Photo by Ember Ireland/OutWrite
How many people do you notice in your lectures wearing masks? How many coughs do you hear? Even though federal and state government policies treat COVID-19 risk with little concern, health science research continues to demonstrate the necessity of masking to prevent its contraction. COVID is a multi-systemic, vascular disease that damages every system in your body. Each COVID-19 infection that you contract results in cumulative damage, weakening the immune system. Weakened immune systems aren’t able to fight off infection as readily, meaning that any sickness can potentially be life-threatening and disabling. Unchecked immune system damage forces constant sickness to be many people’s new reality.
Despite being a research institution, UCLA has stopped requiring masking and has significantly reduced communication on infectious disease, contributing to the decreased awareness around the prevalence of COVID. All of this is something fourth-year Psychobiology student Gwendolyn Hill (she/her) — also an OutWrite copy editor and writer — is working to change as a coordinator for the UCLA Disabled Student Union (DSU).

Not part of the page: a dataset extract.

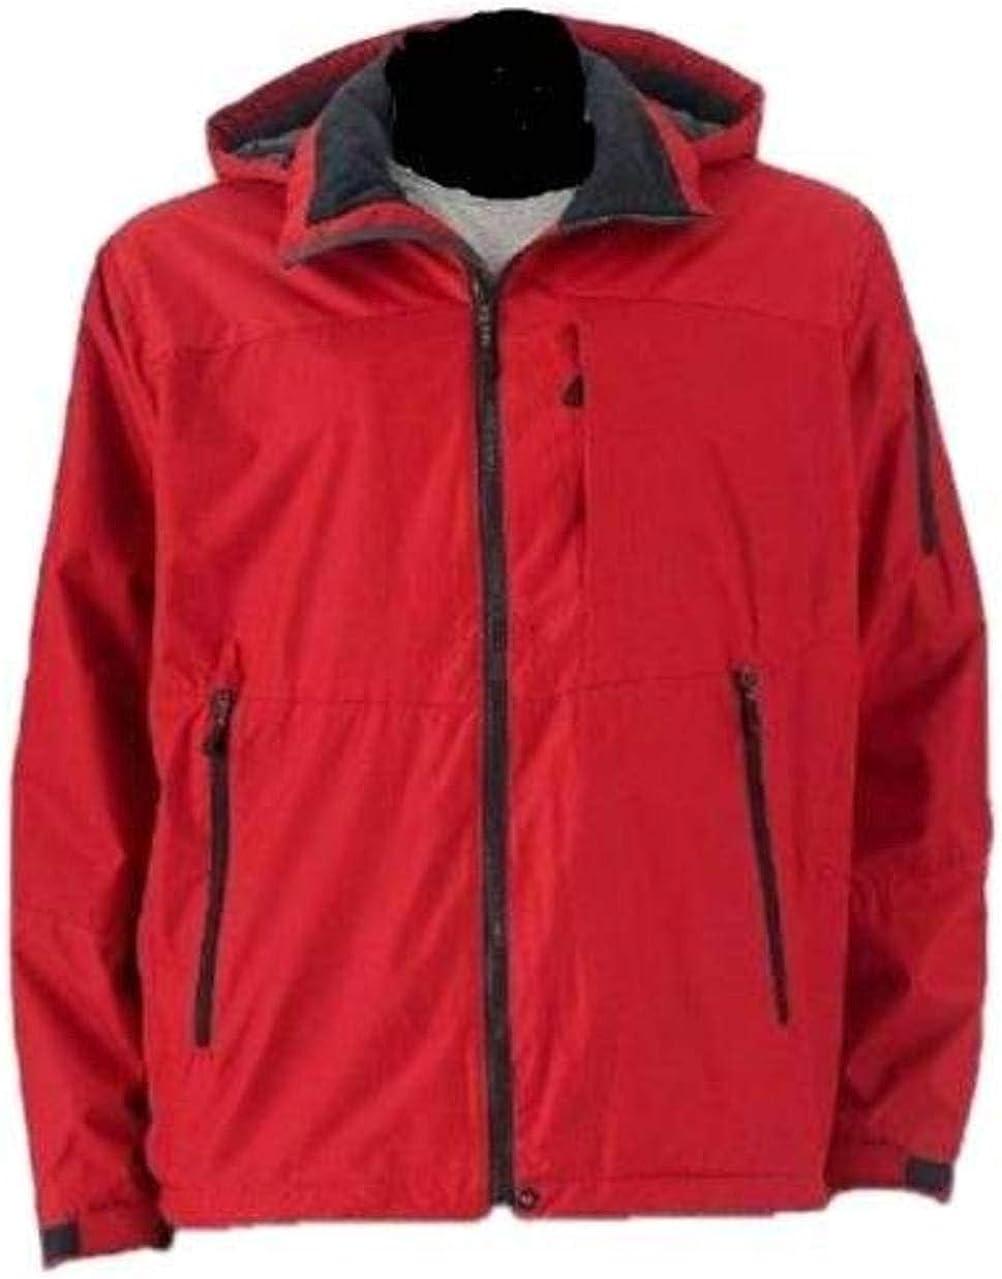 Hemisphere Men's Fleece Lined Water Resistant Hooded Winter Down Jacket
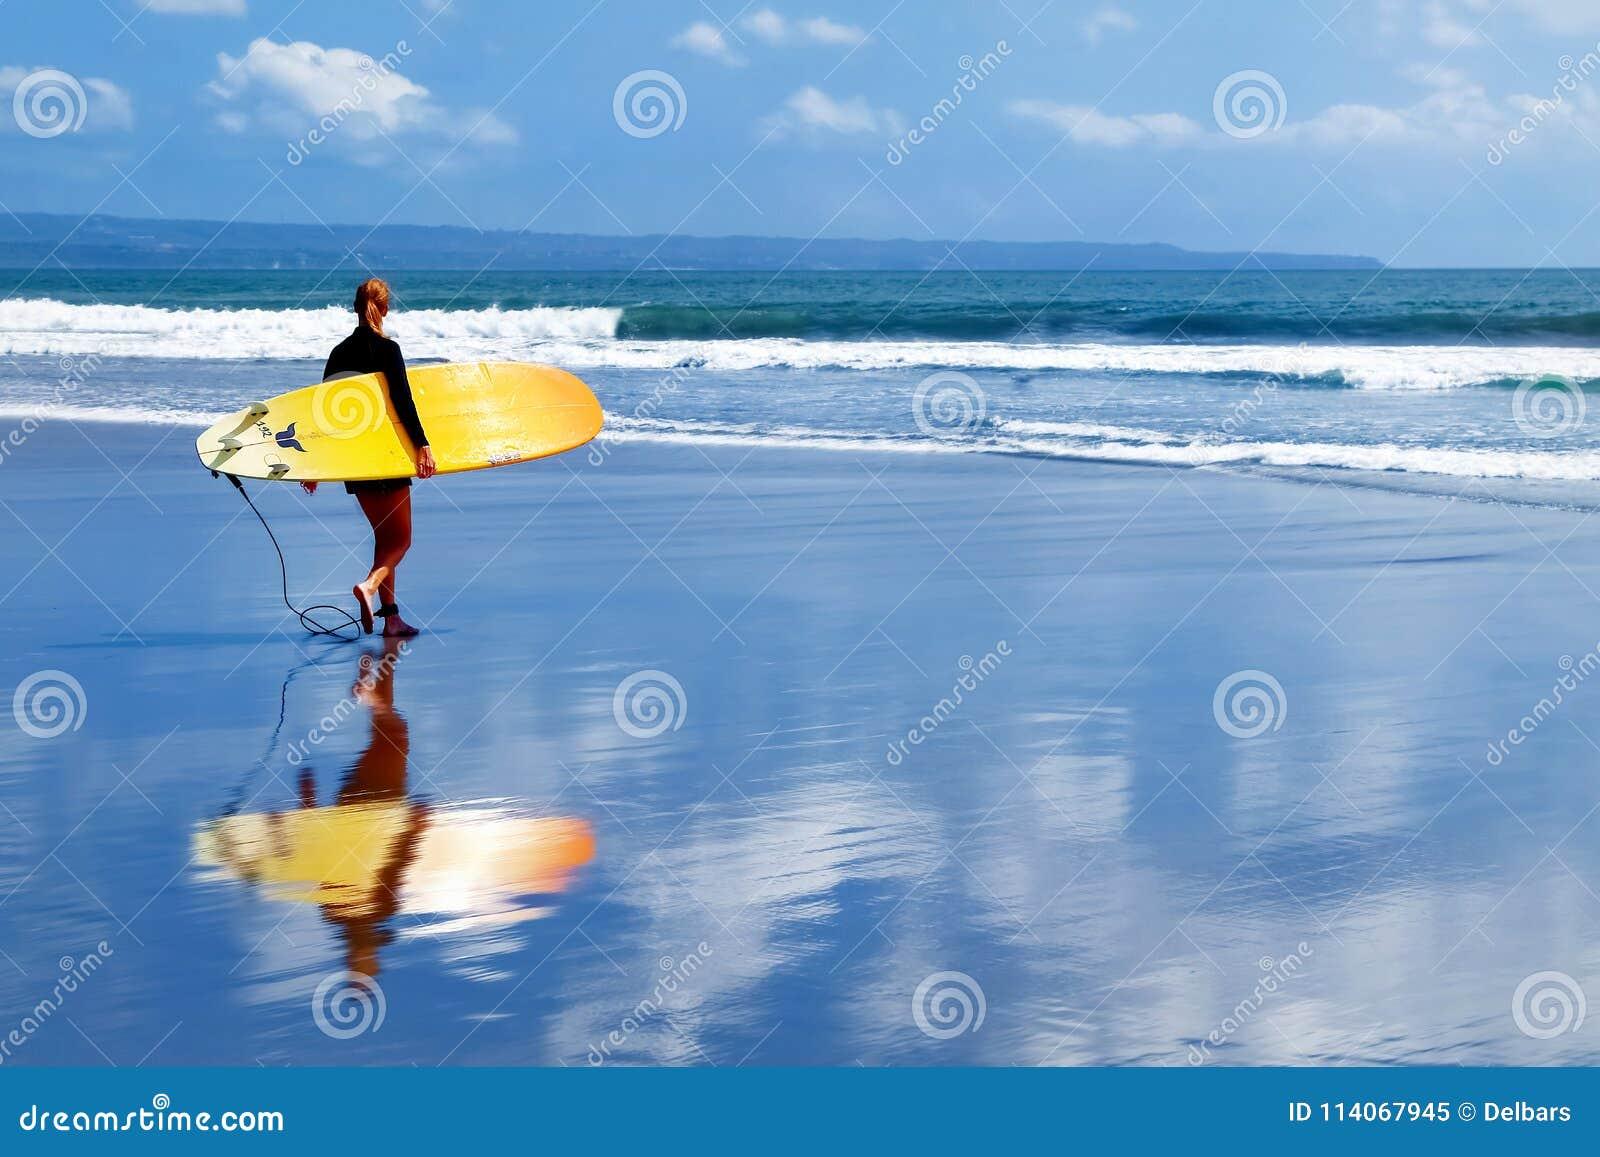 Indonesia, Bali Island, Kuta - October 10, 2017: Girl Surfer

Before fall quarter 2023, Hill wrote “A Resolution to Ensure UCLA’s Health, Safety, and Wellness in Response to COVID-19,” explaining that the UCLA community needs administration to consistently promote COVID safety. The resolution called for UCLA to provide and maintain extensive, diverse, free, and accessible personal protection equipment, adequate air filtration, free PCR testing, sick pay for student workers, academic access, and more. Following the unanimous passage of the resolution by the Undergraduate Student Association Council (USAC), Hill formed a group including Arthur Ashe Student Health and Wellness Center’s Executive Director Chaitali Mukherjee M.D., M.P.H. (she/her), Director of Clinical Operations Amrit Nagra, M.P.H. (she/her), and Outreach and Programs Manager Geno Mehalik, M.P.A. (he/they), the USAC Student Wellness Commissioner Jennis Kang (she/her), and Ashe’s Health Education and Resource Team (HEART) members and Program Manager Finn Kovi (they/them) in order to implement her Health Promotional Initiative. The Initiative provides free, high quality, accessible respirators such as N95, KN95, and KF94s at over 25 locations at UCLA in addition to stocking surgical masks in five specific dispensers, updates UCLA’s website to reflect protocol changes, and creates updated signage about COVID around campus.
There are four new updated signs, created by the Administration Marketing and Communications Team with Hill’s input and pictured below, that focus on four different key aspects of COVID-19 and public health: layered mitigations, airborne transmission, higher risk situations, the importance of wearing a mask to protect the community, and Long COVID. The signs can be found on every building at UCLA and accessed online on the UCLA COVID-19 website. The Ashe Center has also posted an explanation for each sign for students to refer to on their website.
“The project acknowledges the diverse needs of student bodies, including people with disabilities,” said Shannon Stubblefield (they/she), HEART program coordinator and Health Promotional Initiative team member. “[The project] underscores the significance of disability justice and principles of harm reduction.” Disability justice, they quote, means the empowerment of disabled people as well as the prioritization and centering of disabled people’s needs.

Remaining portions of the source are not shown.